Within Manulife's federated technology concept, application resources reside in the business units, rather than in any central function or even at a divisional level, Cooper adds. "Having those resources in the businesses themselves provides a pretty unique resource model," he asserts. "In many business units one executive sits over the operations resources and the applications resources, so there's good integration between the business requirements in that space and how initiatives get executed."
Cooper boasts that Manulife runs an "incredibly lean" infrastructure and corporate technology area, which he suggests presents an opportunity to begin investing in the renovation of core technology platforms and the evolution of business intelligence and data analytics, as well as other forward-looking technologies. "You have to make a heavy investment into collaboration, and to support that you have to have seamless flow and connectivity," he insists. "With those things going well for you over the coming few years, you'll be able to provide better customer service and make faster, better-qualified decisions."
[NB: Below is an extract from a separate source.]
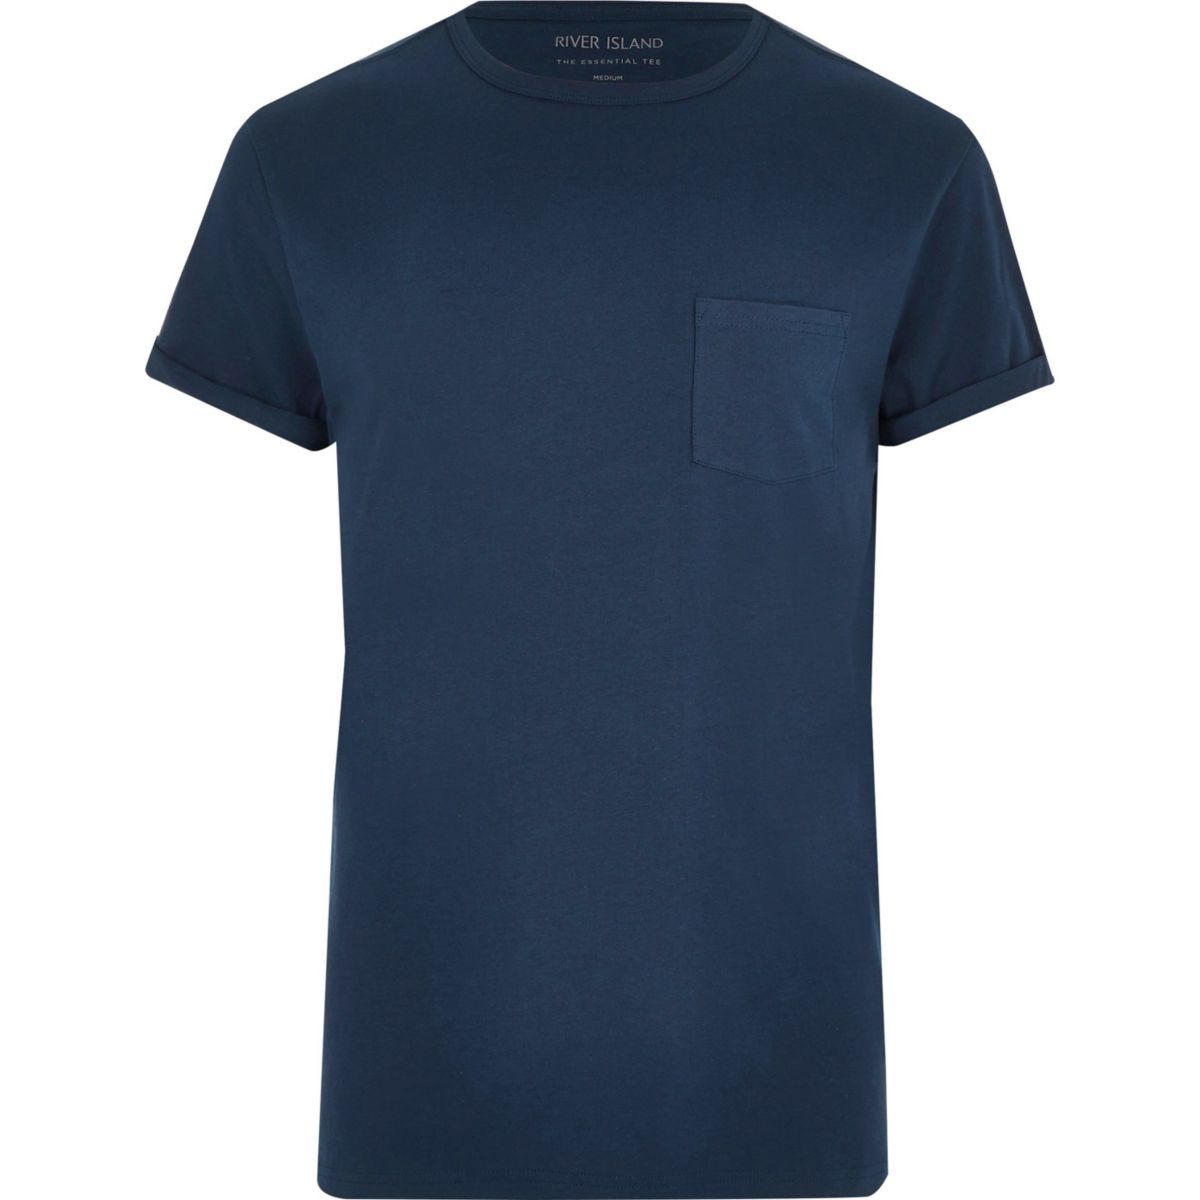 Tall pocket and T navy Big shirt chest qR6c5

Cooper notes that the success of the federated model already has inspired imitation. In 2010 Manulife's technology organization kicked off an operational-excellence initiative aimed at driving efficiencies in call centers. Now, "We're doing almost the exact thing in operations," Cooper says. "It's the same federated approach, facilitation, collaboration, and the same hesitation from the business, because when you get into operations, you're getting a bit closer to their home."